『青い星、此処で僕らは何をしようか』

作成者
後藤正文, 藤原辰史著
出版者
ミシマ社
刊年
2024.12

人と話すときは、お互いに向かい合うより、横に並んで同じ方向を向いている方が話しやすいと思いませんか?目線の先に話題となる対象があれば、なおさら話しやすい。本書はミュージシャン・後藤正文と歴史学者・藤原辰史が様々な対象を前にやりとりを交わした記録をまとめたものです。

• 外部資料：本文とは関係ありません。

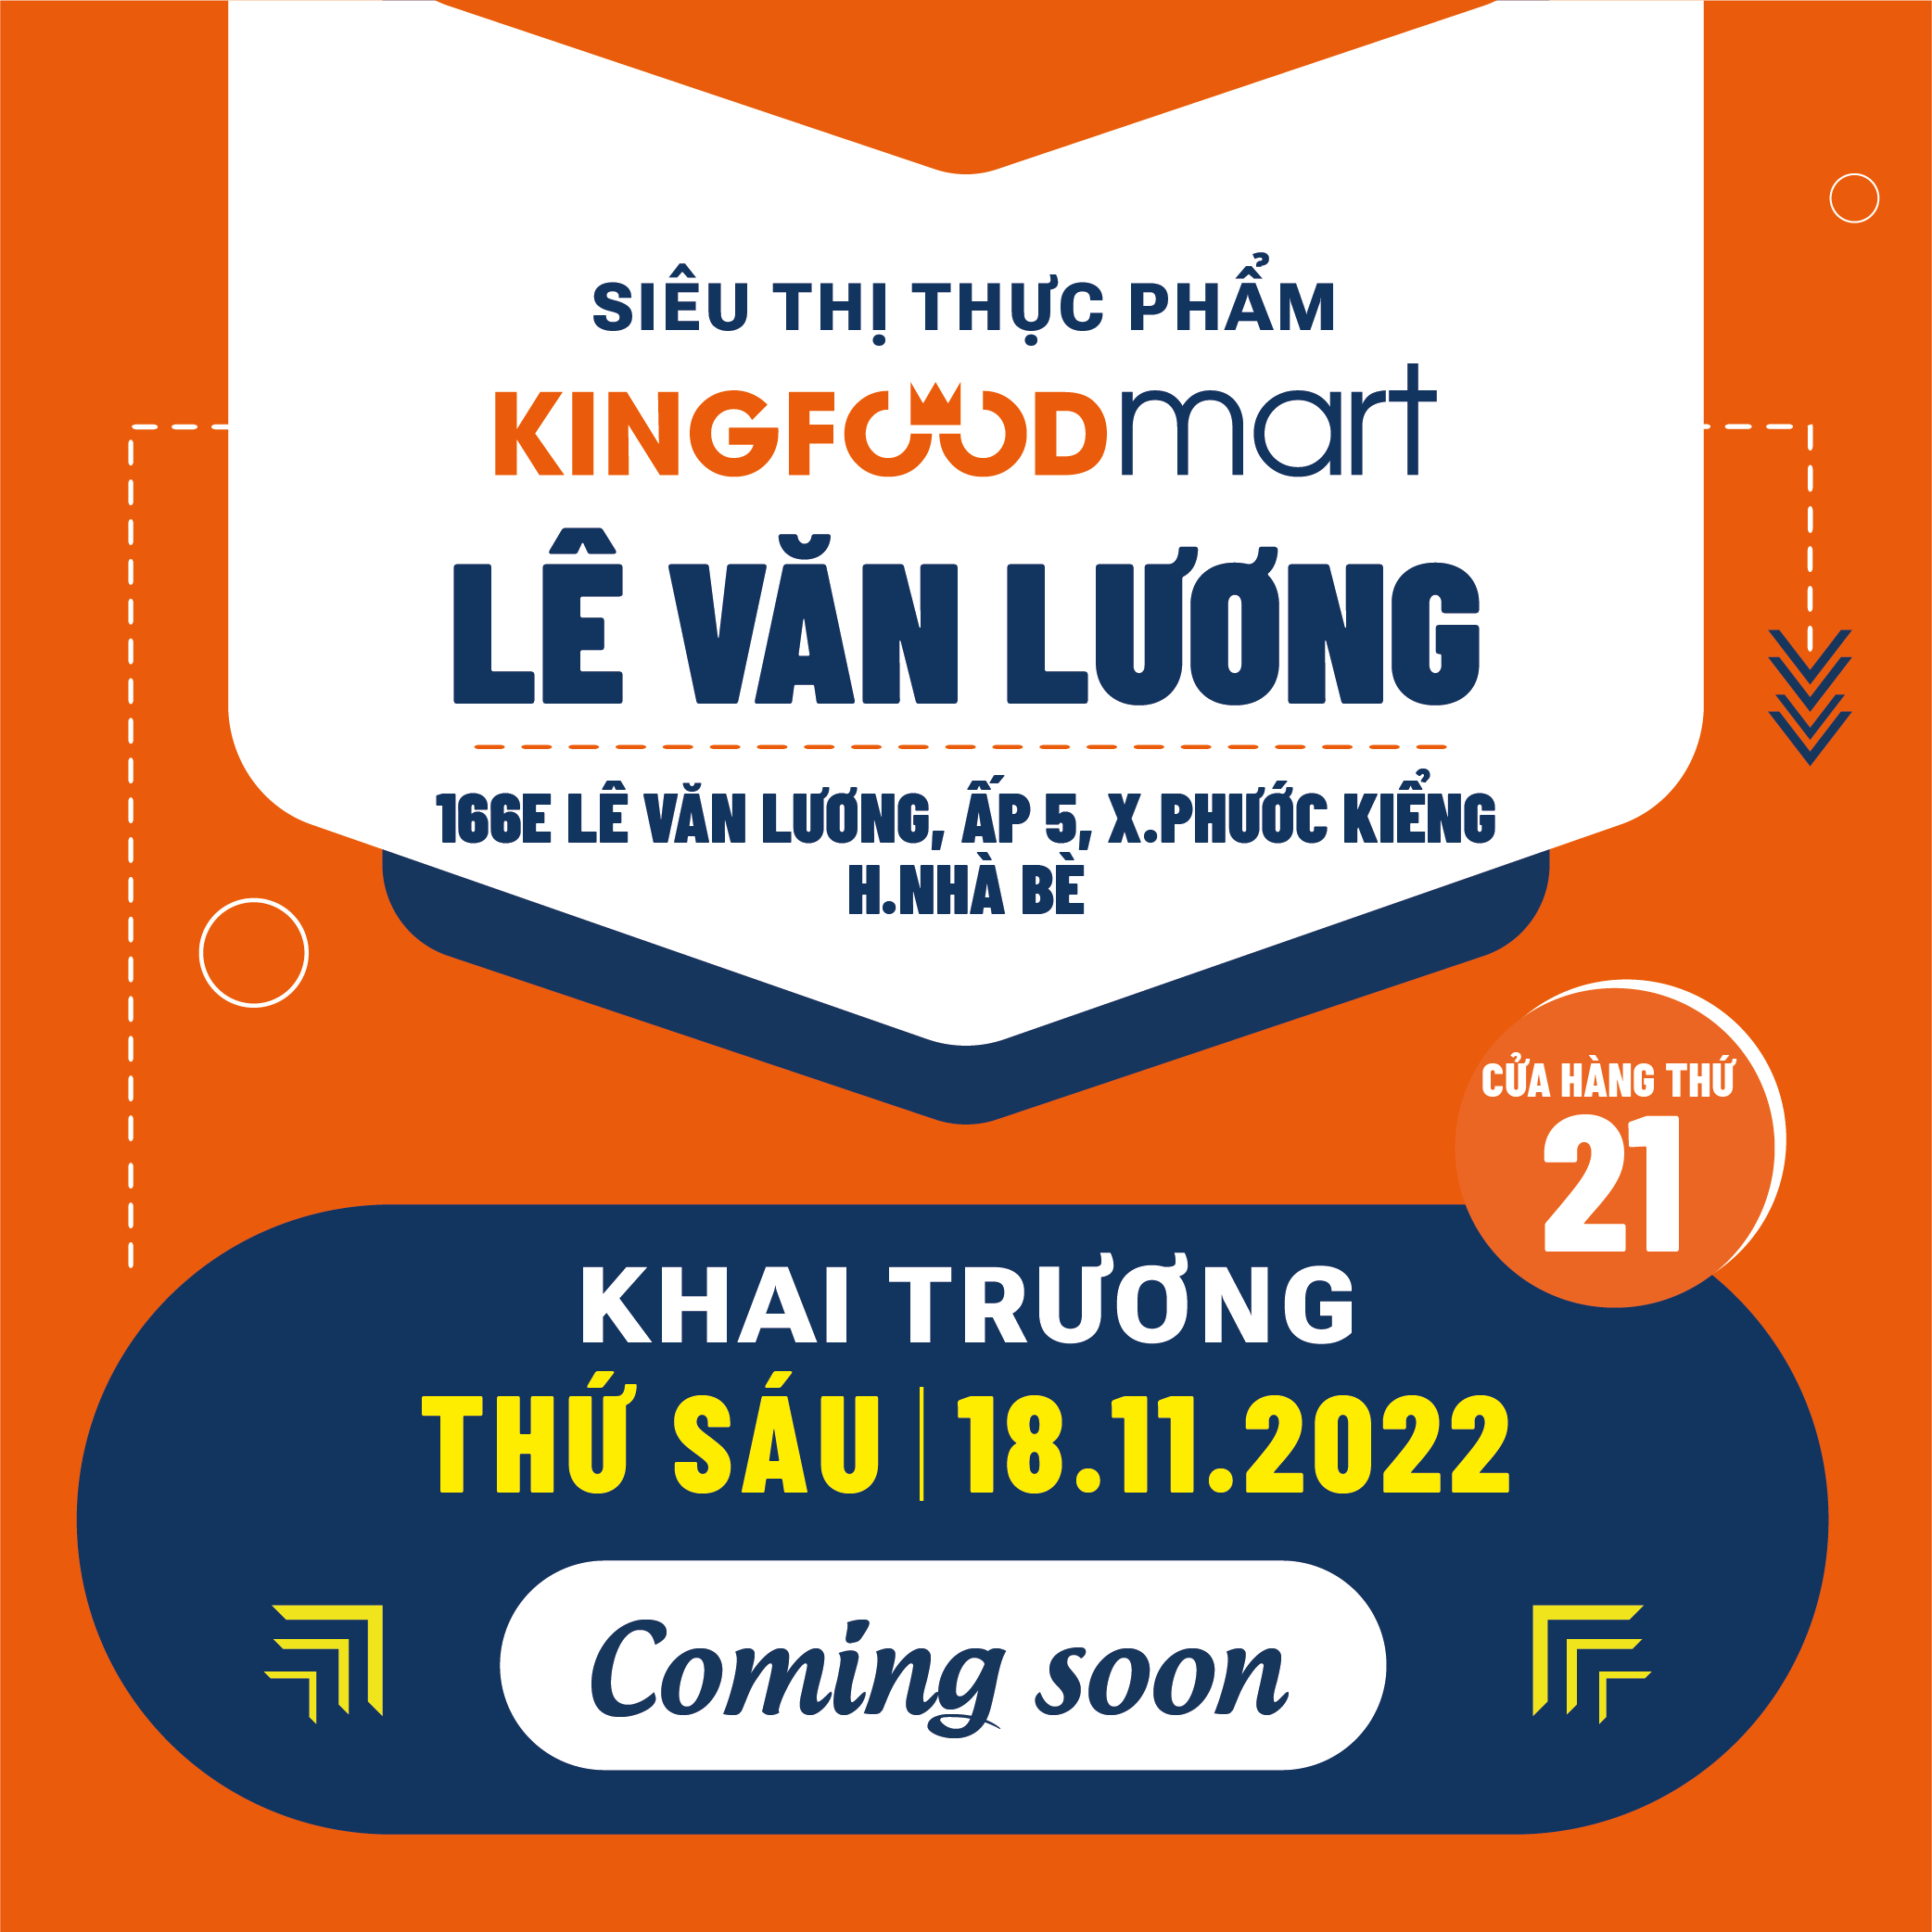 Ưu đãi tưng bừng – Mừng khai trương Kingfoodmart Lê Văn Lương

 たまたま同じ年の同じ日に生まれた二人。まずは、彼らの誕生日である1976年12月2日の五大紙を目の前に語りはじめます。音楽と学問、全く異なる分野で活躍する二人が新聞の記事や広告を眺めながら、選挙から当時の政局、食糧自給率、環境問題、働くことにおける倫理観など、話題は広がります。冷蔵庫の広告をきっかけに「食料を保存できるようになったことが戦争に与えた影響」に言及されるところは専門家ならでは。どの話題も過去を懐かしむだけでなく、現在へとつながる語り口で言葉が交わされる様子が印象的です。オンラインでの講義と対話、上勝ゼロ・ウェイストセンター、書簡へと舞台を移し、対話は続いていきます。
 タイトルに「此処で僕らは何をしようか」とあるように、未来や目の前の問題「を」どうにかしよう、ではなく、地球というみんなの星「で」何をしていこうか、という対話の軌跡をなぞる1冊。言葉の交換、していきませんか?